Python extensions should be lazy(gauge.sh) |
Python extensions should be lazy(gauge.sh) |
However, the conclusion is debatable. Not everyone has this problem. Not everyone would benefit from the same solution.
Sure, if your data can be loaded, manipulated, and summarized outside of Python land, then lazy object creation is a good way to go. But then you're giving up all of the Python tooling that likely drove you to Python in the first place.
Most of the Python ecosystem from sets and dicts to the standard library is focused on manipulating native Python objects. While the syntax supports method calls to data encapsulated elsewhere, it can be costly to constantly "box and unbox" data to move back and forth between the two worlds.
I completely take your point that there are many places where this approach won't fit. It was a surprise for me to trace the performance issue to allocations and GC, specifically because it is rare.
WRT boxing and unboxing, I'd imagine it depends on access patterns primarily - given I was extracting a small portion of data from the AST only once each, it was a good fit. But I can imagine that the boxing and unboxing could be a net loss for more read-heavy use cases.
The analogy with numpy doesn’t seem quite right, as Raymond observes, because numpy depends on lots of builtin operations that operate on the underlying data representation. We don’t have any such code for the AST. You’ll still want to write Python code to traverse, inspect, and modify the AST.
Everyone would benefit from developers being more performance minded and not doing uneccesarry work though! Especially Python who has long suffered with performance issues.
Love your work btw!
Python is python because people cared about other things for many years.
When linking to code on GitHub in an article like this, for posterity, it’s a good idea to link based on a specific commit instead of a branch.
It might be a good idea to change your link to the `Py_CompileStringObject()` function in CPython’s `Python/pythonrun.c` [0] to a commit-based link [1].
[0]: https://github.com/python/cpython/blob/main/Python/pythonrun...
[1]: https://github.com/python/cpython/blob/967a4f1d180d4cd669d5c...
Side note: Your tool, Tach, seems interesting…you might want to ask @dang [0] via email [1] if he’d be willing to add your submission [2] to the second-chance pool [3] (maybe also provide a clearer and more technical explanation of the tool and its key features).
[0]: https://news.ycombinator.com/user?id=dang
[1]: mailto:hn@ycombinator.com
You could make the API transparently lazy, i.e. ast.parse creates only one AstNode object or whatever and when you ask that object for e.g. its children those are created lazily from the underlying C struct. To preserve identity (which I assume is something users of ast are more likely to rely on than usual) you'd have to add some extra book-keeping to make it not generate new objects for each access, but memoize them.
That is to say, ast.NodeVisitor living in Python is part of the problem for use cases like mine. I need the extension to own the traversal as well so that I can avoid building objects except for the result set (which is typically a very small subset). That was what led me to imagine a query-like interface instead, so that Python can give concise traversal instructions.

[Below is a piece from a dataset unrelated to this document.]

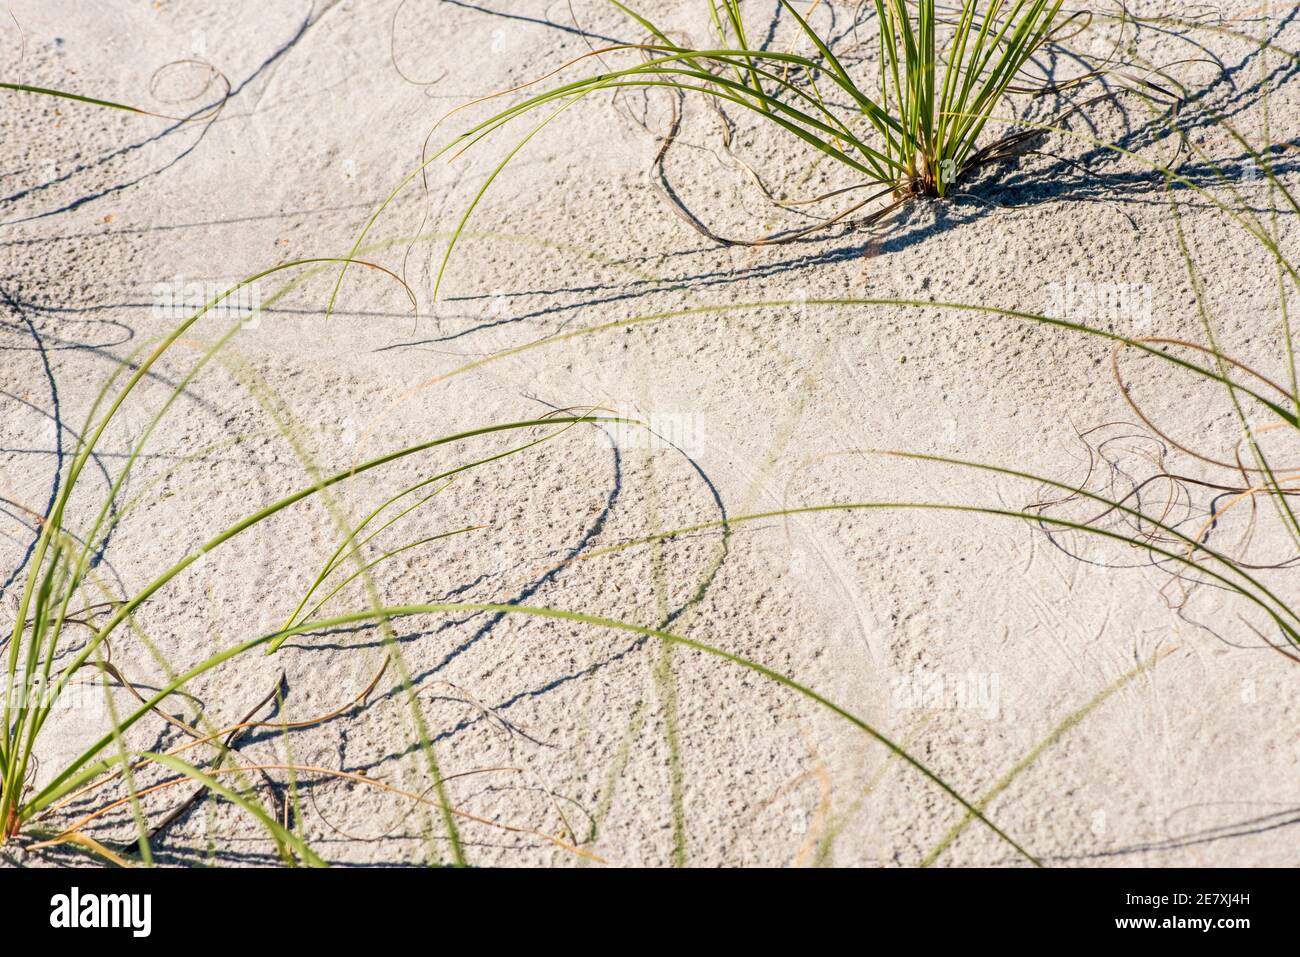 Seegras wird strategisch in Sanddünen gepflanzt, um die Erosion des Strandes zu verhindern. Stockfoto

In the first iteration of the Rust extension, I actually used the parser from RustPython. Although I can't find it at the moment, I think the RustPython parser was actually benchmarked as worse than the builtin ast parse (when both returned Python objects).
Even with this parser, IIRC the relevant code was around 8-11x faster when it avoided the Python objects. Apart from just the 35% spent in GC itself, the memory pressure appeared to be causing CPU cache thrashing (`perf` showed much poorer cache hit rates). I'll admit though that I am far from a Valgrind expert, and there may have been another consequence of the allocations that I missed!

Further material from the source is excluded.